In adults there are a number of common components of the stress, reward, and homeostatic pathways that link feeding behaviour, dietary choice, and anxious behaviour. While the hypothalamus is classically known for its role in the regulation of food intake and energy balance, corticosteroid receptors in this part of the brain are also known to be involved in the stress response, and this may provide a link between mood or anxiety levels and macronutrient preference or intake quantities [54, 55]. Circulating corticosterone is commonly measured as an indicator of stress and has been reported several times to be influenced by diet. Although it may be difficult to distinguish whether this is a result of rapid weight gain or a particular dietary component, the speed of the response would suggest the latter. A study by Ortolani et al. showed attenuation of corticosterone induction following stress after just 6-day exposure to a palatable diet compos of high fat and high sugar cafeteria style food although no effects of diet were seen on basal corticosterone levels [38]. Similarly, exposure to 30% sucrose solution had no effect on basal corticosterone but suppressed the anxiogenic effects of restraint stress [56]. By contrast, Buchenauer et al. describe elevated corticosterone levels in diet-induced obese rats following 8 weeks on a high fat-diet [30]. In mice there were no effects of HF diet on the HPA axis following a forced swim stress [29] although the diet did protect against stress-(social defeat) induced anxiety and depressive behaviour. Overall, this body of data appears to suggest that diet itself does not generically affect corticosterone or stress levels but may mediate the (protective) response to additional anxiogenic environments or stresses.

High-fat diets result in alterations to the circulating levels of insulin, and the resulting resistance to leptin has been associated with cognitive deficits in mice [57]. In a similar manner, mice provided with a 10% sucrose solution also became insulin resistant and had impaired cognitive function [58].

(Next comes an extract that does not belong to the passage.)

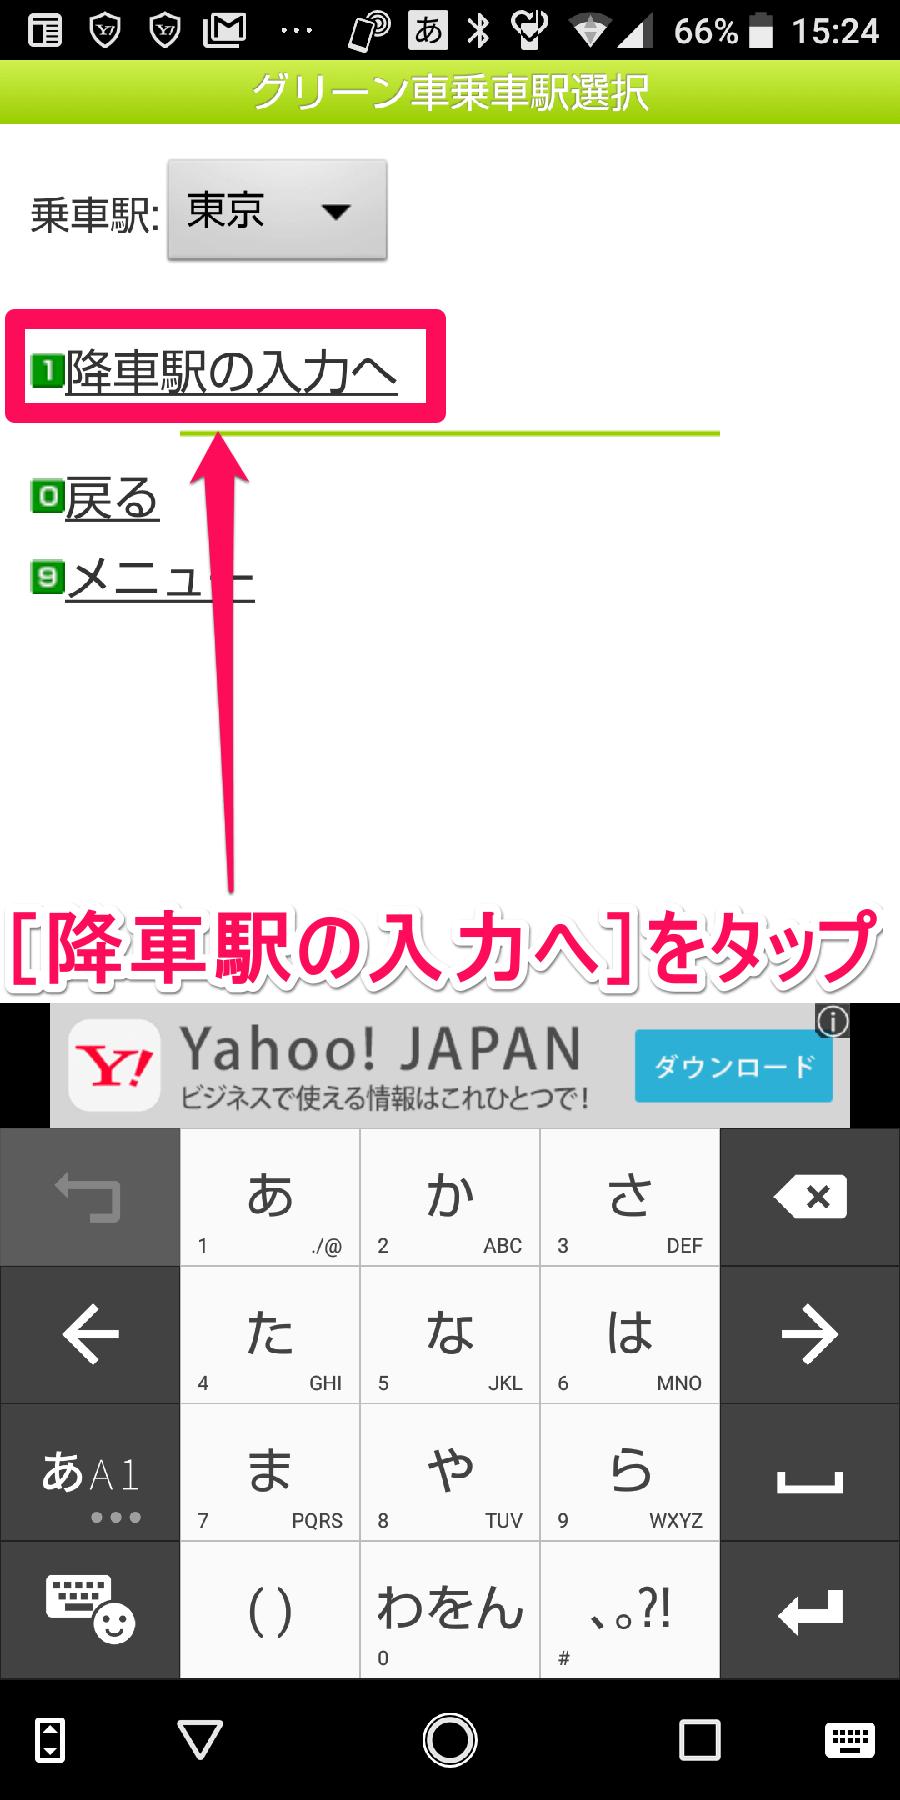 Android(アンドロイド)スマートフォン版「モバイルSuica」アプリの「グリーン車乗車駅検索」画面その2

Morganstern et al. suggest a role for acetylcholine in the mediation of the effect of high-fat diet in reducing anxiety. These studies showed that high-fat diet increased open arm entries in the EPM and increased exploration of a novel object but, interestingly, also induced a reduction in acetylcholine esterase suggesting that high fat diet may increase neurotransmission via acetylcholine in the frontal cortex and hypothalamus [59]. In terms of sugar intake, acetylcholine has also been implicated in the generation of anxiety. Avena et al. described elevated acetylcholine levels in the nucleus accumbens as well as suppressed levels of dopamine, and suggested that these may be responsible for increased anxiety following withdrawal from sucrose [36]. Review of various types of anxiety disorders in humans and rodents has identified similarities in the activation of neuronal pathways in the medial prefrontal cortex [60, 61].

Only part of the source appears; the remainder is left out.